To gather all the data, you’ll want to start with a four-part framework.
- Validating the location of the equipment
This is vital because you’ll want to know what department your equipment is in. Once you’ve identified the department, you’ll want to ask a few questions. Is this being used, and if so, is it being used as a primary piece of equipment? Is it being used as a backup piece of equipment? If it’s a primary piece of equipment, you’ll want to ensure you have the correct service level as a part of your agreement. - What level of service does the equipment have
There are levels of service agreements. For example, you could have platinum, gold, silver, etc. But if it’s a primary piece of equipment vital to a department, you’ll want to have the highest level of service, but if it’s a backup, you may not need the highest level of service attached to the equipment service agreement. - Double charges for equipment repair
Your hospital has paid the OEM for the service agreement, but the OEM uses a third-party repair company. But when the repair company provides you service on the equipment, they may send you the bill instead. So, now you’ve paid the OEM, and now you’ve paid the repair company. - Price
Finally, the last part of the framework looks at the price. How much are you spending, and where can we find the hospital cost savings. Let’s use printers and copiers as an example since you likely won’t have a service agreement on fax machines or lower-end printers. But there is value in having a service agreement because you won’t want to pay top dollar for repairs on the fax or printer.

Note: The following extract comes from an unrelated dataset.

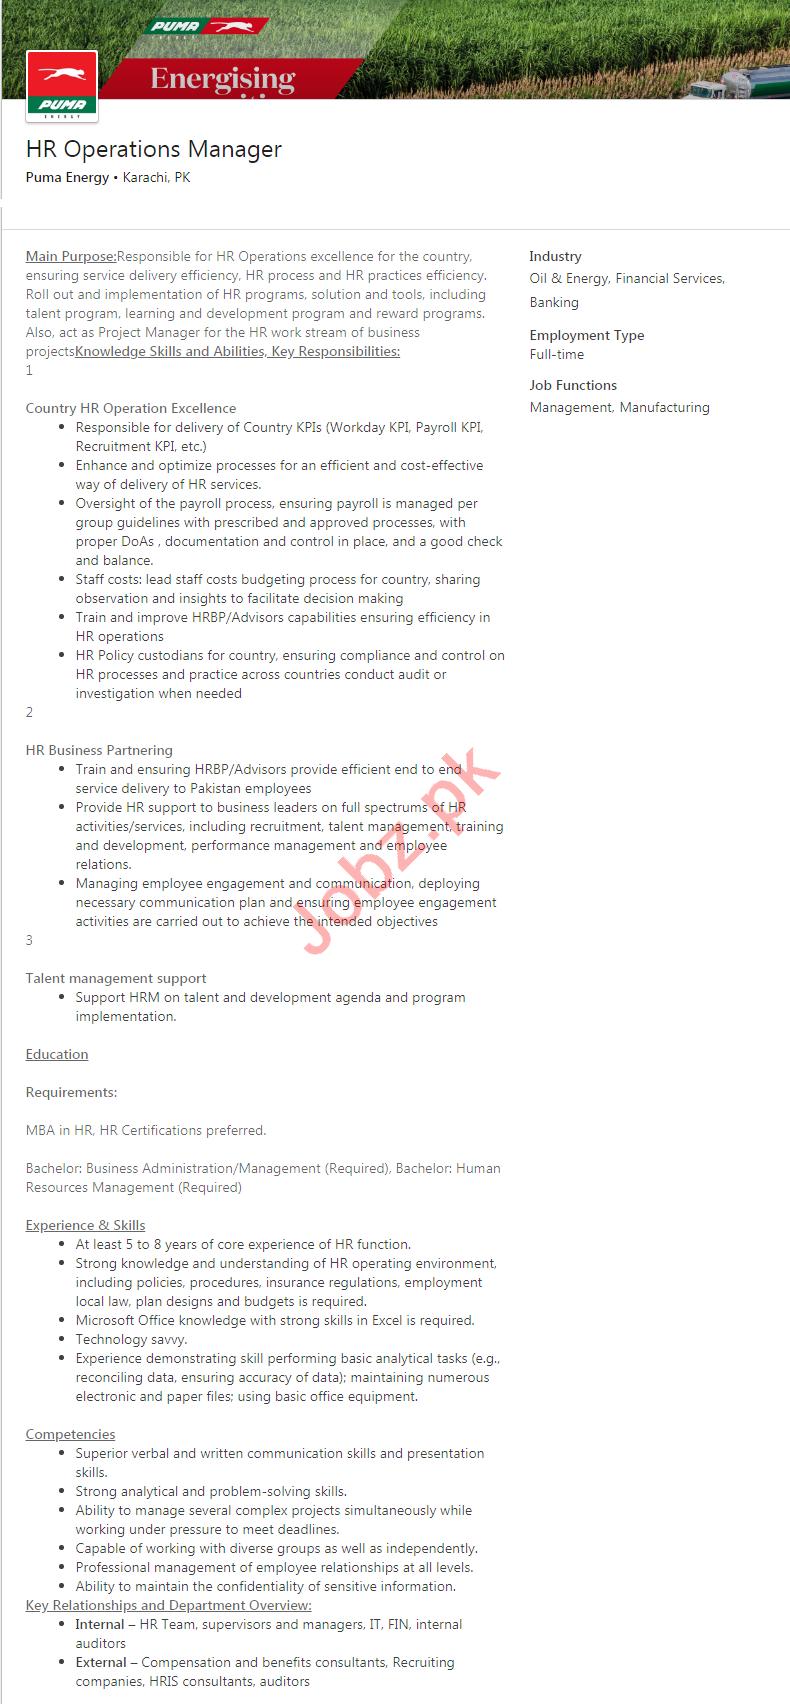 Puma Energy Karachi Jobs 2020 for HR Operations Manager

So, you’ll want to have a service agreement you can rely on and all the benefits that come from it. Every year, you want to review and look at your equipment and how the service agreements are attached. Then you’ll want to evaluate the usage, the standard of service, and where the double charges may come in.
Your Med Surg Report is Massive But Has The Most Significant ROI
Your Med Surg distributor is a massive area of spend because it’s comprised of thousands of supply items. Many people manage the ordering and the price accuracy, which can cause the details to get lost or missed. And because it’s so complex, it takes a team to evaluate where the pricing discrepancies are and complexities.
In my experience, I see an average of around a 5% error rate. If you have a $10,000,000 Med Surg spend with your distributor, think about what something as small as a 2%-3% error rate could mean for your hospital.
Then you want to look at what contract each supply item is tied to. For example, you’ll see that some items are a part of a GPO agreement, others are in the wrong tier, or some have no contract. So, you’ll want to get the data and the right report for you to review.
It isn’t easy sometimes to see these details monthly, but if you take time on an annual basis to run through and perform an audit, you will reap some great opportunities.
Each of these areas of spend is diverse and complex and has specific nuances that need careful attention. I can almost guarantee that if you look at these four areas of spend in your organization, you can pull out multi-million-dollar cost savings for your hospital within a year, and that will transcend into every year following.